4. Action: Doing the Thing (Even Imperfectly)

This is where we actually do the thing: show up to class, journal in the morning, choose soda water over wine at dinner. We still mess up—we're human—but we return to our intention and resume the good habits. That, too, is action.


For example, my husband and I end most nights with an espresso cup-sized adaptogenic mushroom cacao blend by Goot. It’s our healthy treat at the end of the day—a ritual we both enjoy instead of wine or sugary snacks. But we'll also have a scoop of ice cream when we visit my teen stepdaughter at the ice cream shop she works at. The point is, we come back to our rhythm quickly. That’s the key.

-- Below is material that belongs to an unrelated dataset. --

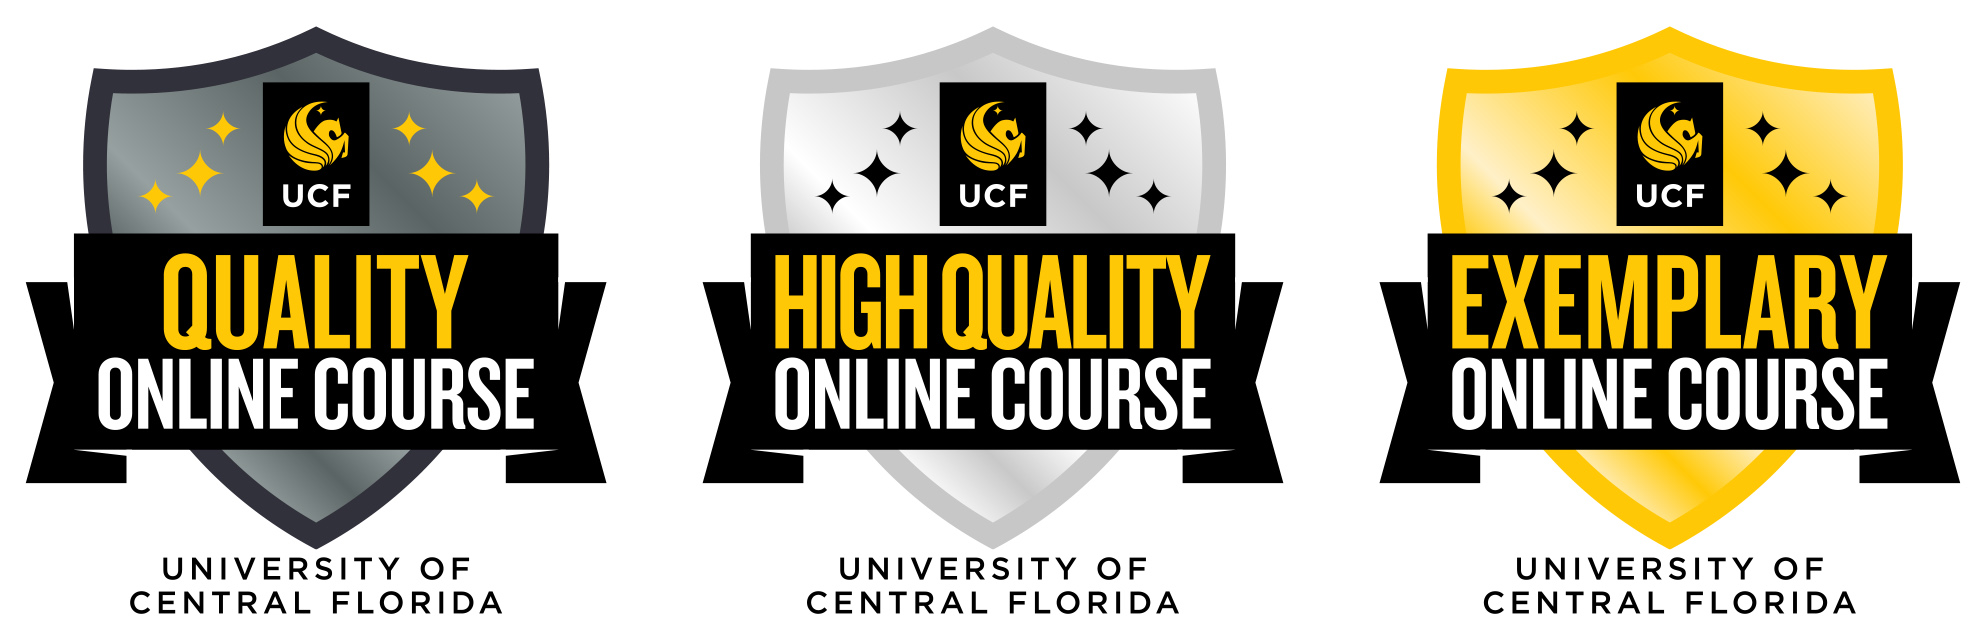 Examples of the digtail badges. Triangle icons with UCF logo, text that says

5. Maintenance: When It Becomes Who You Are

This stage usually sets in after six months of consistent action. Your new behavior is part of your life now. You might:

  • Automatically reach for your journal each morning

  • Celebrate your 100th barre class

  • Feel totally off when you skip a ritual that now grounds you


If you slip, that’s okay. You already know the way back.


Helping others at this point—whether by mentoring, sharing, or becoming a coach or teacher—often helps us stay in maintenance mode.


6. Termination: No Going Back

This final stage is when there’s no longer any temptation. Your old behavior feels like someone else’s story.


For example, I can’t imagine going to bed without washing my face today. But in my early twenties? Let’s just say raccoon eyes and regret were frequent morning visitors.


Someone who used to smoke might now find the smell of cigarettes repulsive and feel disbelief that it was ever a daily habit. Or someone who used to drink at every social event might now sit comfortably at a bar with bitters and soda, not even tempted by the wine list.


This stage is less about discipline and more about identity. You’re not someone who’s “trying to quit.” You’re someone who simply doesn’t do that anymore.


It’s Not Linear—It’s a Spiral

What I love most about this model is its honesty. Change isn’t linear. It’s not clean. It’s often a spiral—an upward one, if we let it be.


You might revisit contemplation a dozen times before moving into action. You might prepare, act, relapse, and prepare again.


And if you do, remember: you’re not failing. You’re learning. And if you keep going—gently, steadily—you’ll get where you want to go.


Soullo Reflections: Journal Prompts for Self-Awareness + Growth

  • What’s something you’ve been wanting to change in your life?

  • Which stage of change are you currently in?

  • What would it take for you to move one step forward?

  • If you stayed exactly where you are now, what might your life look like in 6 months? In 5 years?

  • What small act of preparation could you do today?

  • Who could support or encourage you in this journey?

  • What has helped you make lasting change in the past? Can you bring more of that in now?